This week we explore ships that carry other ships, a 1914 author who thinks calculus is should be easy to learn, and the reason most of us shouldn’t be firefighters.
🚢 This ship sinks to pick up other ships
Along with half of Twitter, I (of course) became a marine salvage expert overnight, following the accidental blockage of the Suez Canal last week.
While going down that maritime rabbit hole, I came across this magnificent clip of the world’s largest semisubmersible heavy-lift ship picking up one of the largest Carnival Cruise vessels.
Keep in mind as you watch: the ship being picked up is just about as long (324m) as 3 World Trade Center is tall (329m). (h/t David Slifka)
🧯 Fighting fires or building the neighborhood?
“Remember: your job as a PM [Product Manager] isn’t to put out fires. It’s to build the product (in this analogy, the neighbourhood). Don’t get addicted to checking items off of a to-do list. Instead, look for the way to prevent the most damage across the whole area.”

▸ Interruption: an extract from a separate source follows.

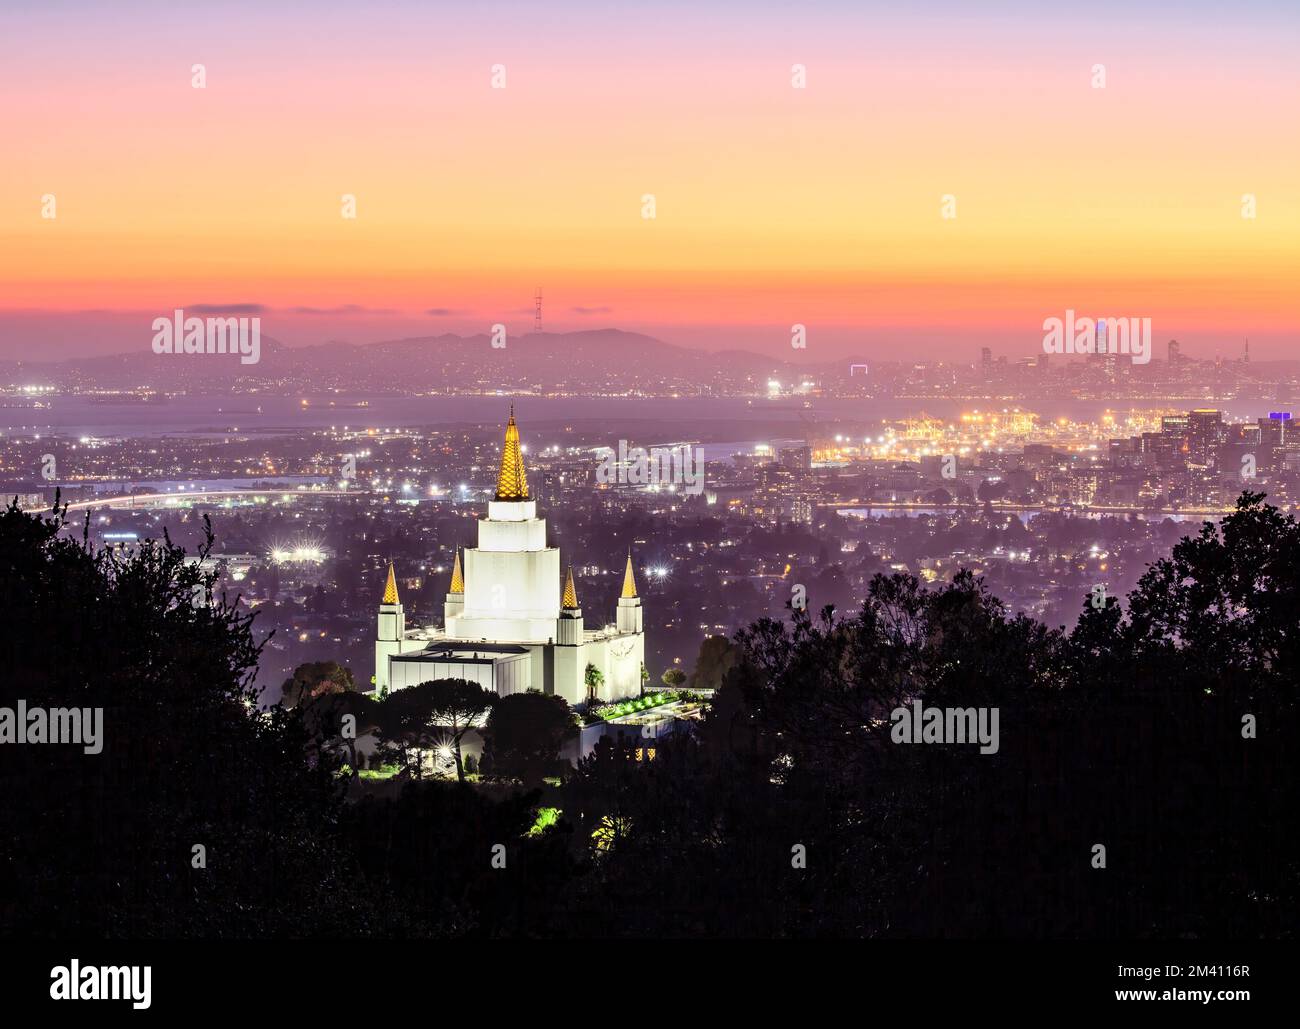 Der Oakland California Temple in den Hügeln von Oakland und die Skyline der Stadt unter farbenfrohem Himmel in der Abenddämmerung, Kalifornien Stockfoto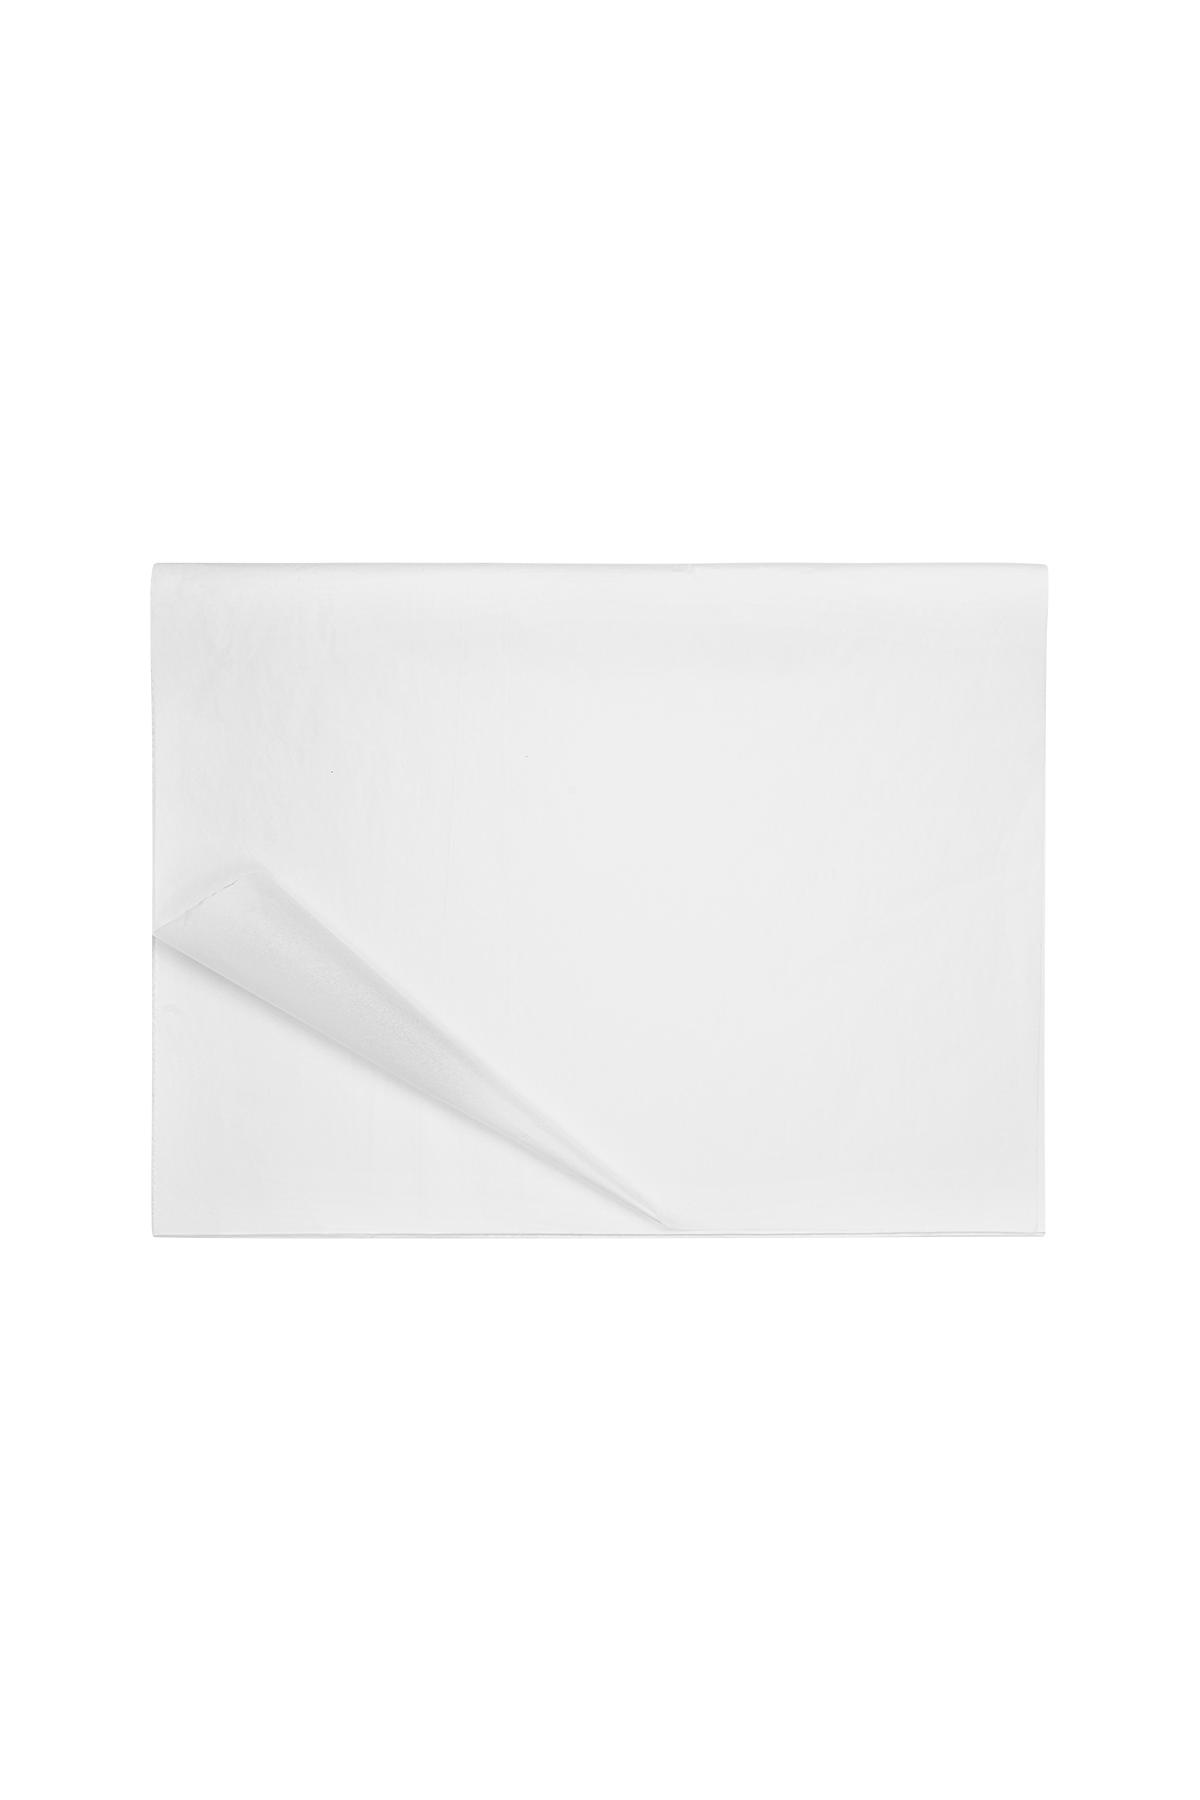 Tissue paper White h5

- Will Lawrence in PMs Let Fires Burn
As someone who enjoys the excitement of firefighting, Will’s writing on firefighting vs building struck a bit close to home. The more difficult work on building requires deep thinking and pairs slow feedback loops, while the addictive work of firefighting is fast paced and exciting, with immediate feedback loops.
This leaves me wondering how to change my own incentive design to make building more enticing, vs simply relying on pure willpower to atone for poor incentive structuring.
🧮 Complexity is overrated
“The fools who write the textbooks of advanced mathematics … seldom take the trouble to show you how easy the easy calculations are. On the contrary, they seem to desire to impress you with their tremendous cleverness by going about it in the most difficult way.”
- Calculus Made Easy by Silvanus Thompson (h/t Helen Czerski)
An excellent reminder that everything can be communicated clearly and simply. Complexity in communication merely demonstrates the writer’s lack of true understanding or lack of commitment in truly sharing that knowledge.
Or as Woodrow Wilson once responded when asked how long he took preparing a speech: “That depends on the length of the speech. If it is a ten-minute speech it takes me all of two weeks to prepare it; if it is a half-hour speech it takes me a week; if I can talk as long as I want to it requires no preparation at all. I am ready now.”